→ EXERCISE DETAILS: From the data below, set down exactly the lines between the one holding "of a small table" and the one holding "Produced in", inclusive, and no others.

+++ SUPPLIED RECORDS +++

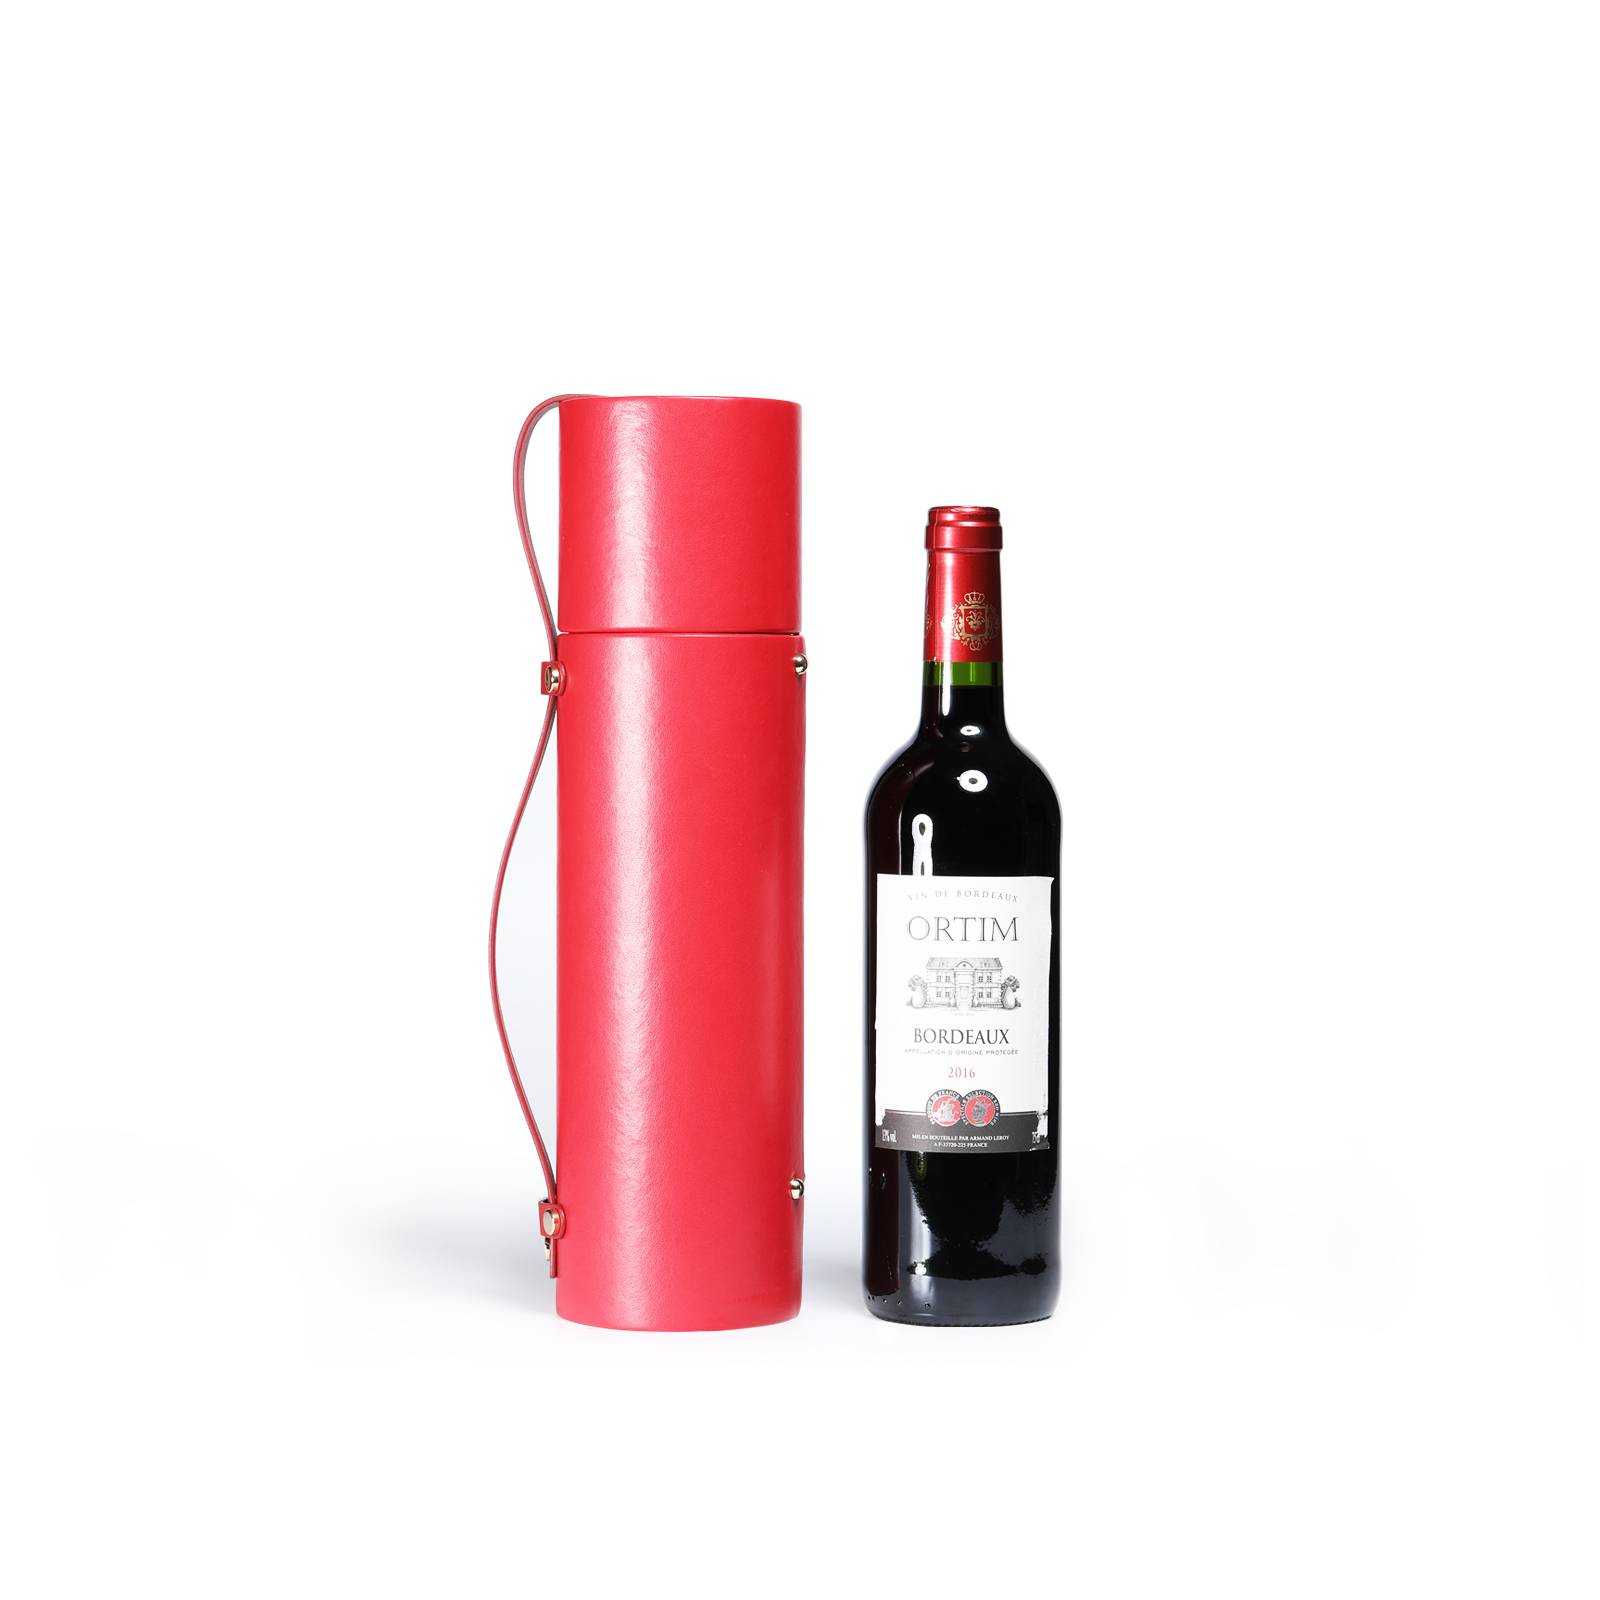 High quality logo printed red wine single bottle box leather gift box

+++
+++ SUPPLIED RECORDS +++

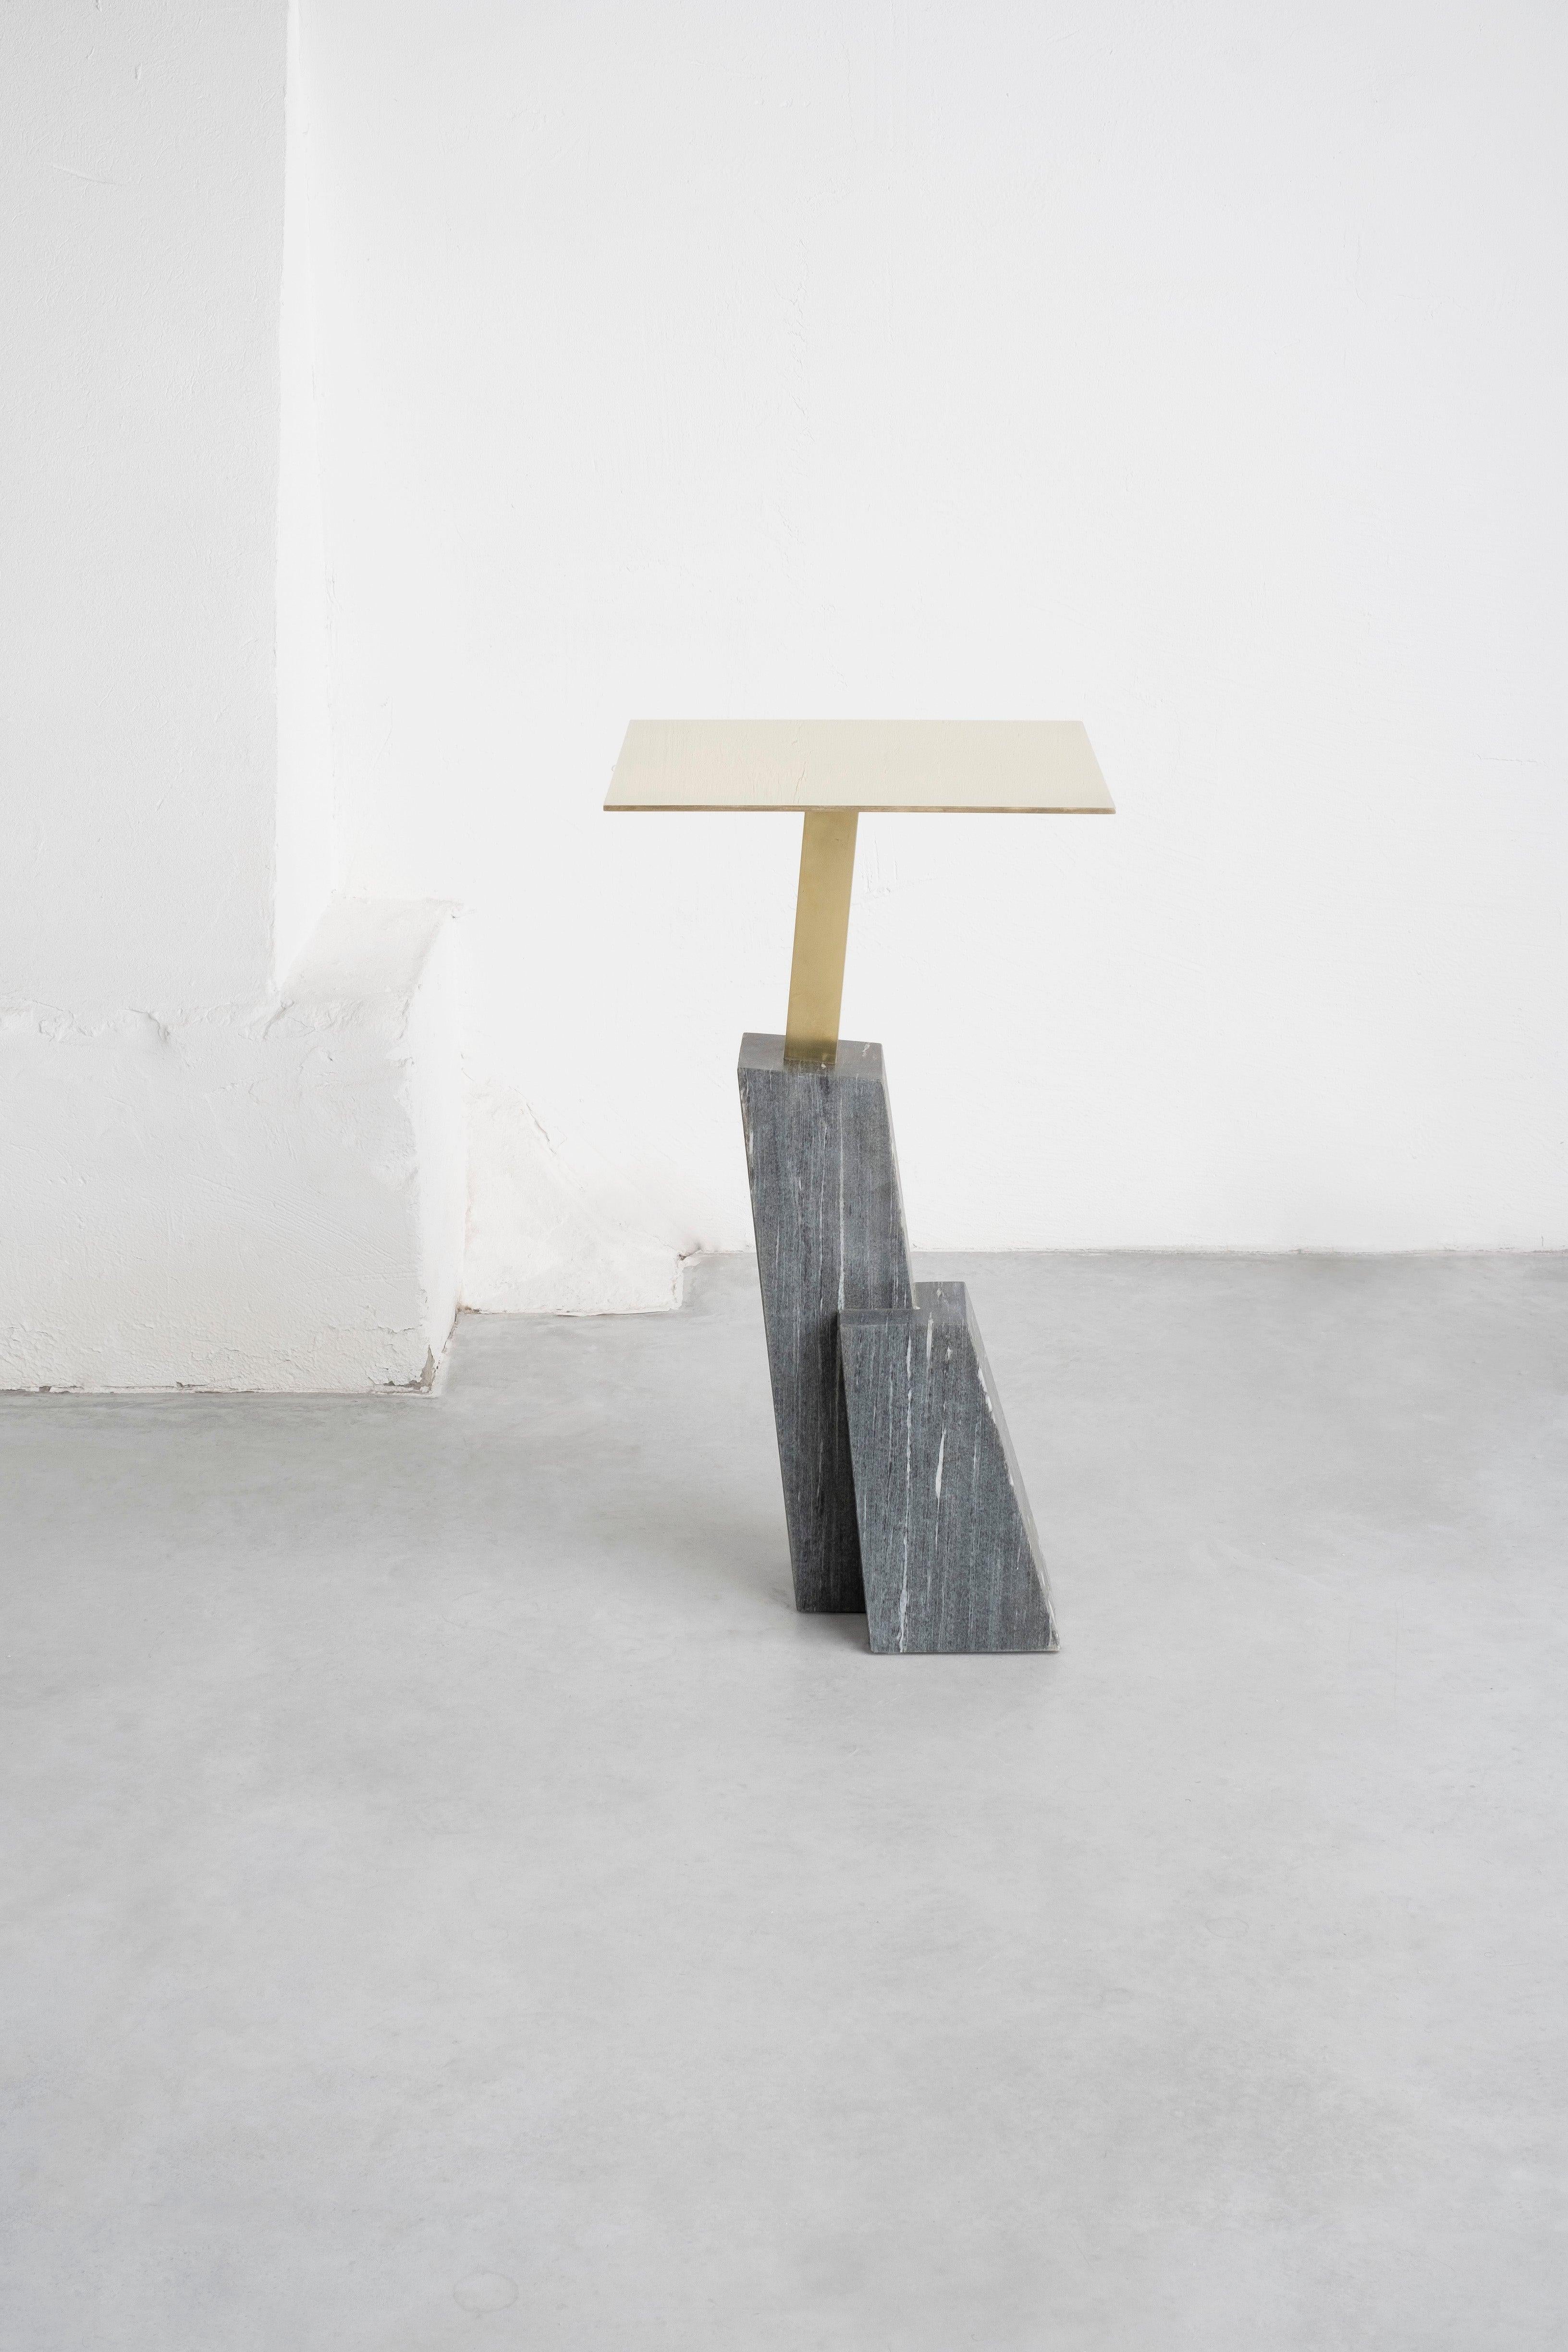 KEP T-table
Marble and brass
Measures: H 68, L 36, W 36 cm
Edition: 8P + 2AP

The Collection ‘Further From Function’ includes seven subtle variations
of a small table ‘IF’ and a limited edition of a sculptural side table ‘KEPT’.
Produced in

+++

→ TASK SOLUTION:
of a small table ‘IF’ and a limited edition of a sculptural side table ‘KEPT’.
Produced in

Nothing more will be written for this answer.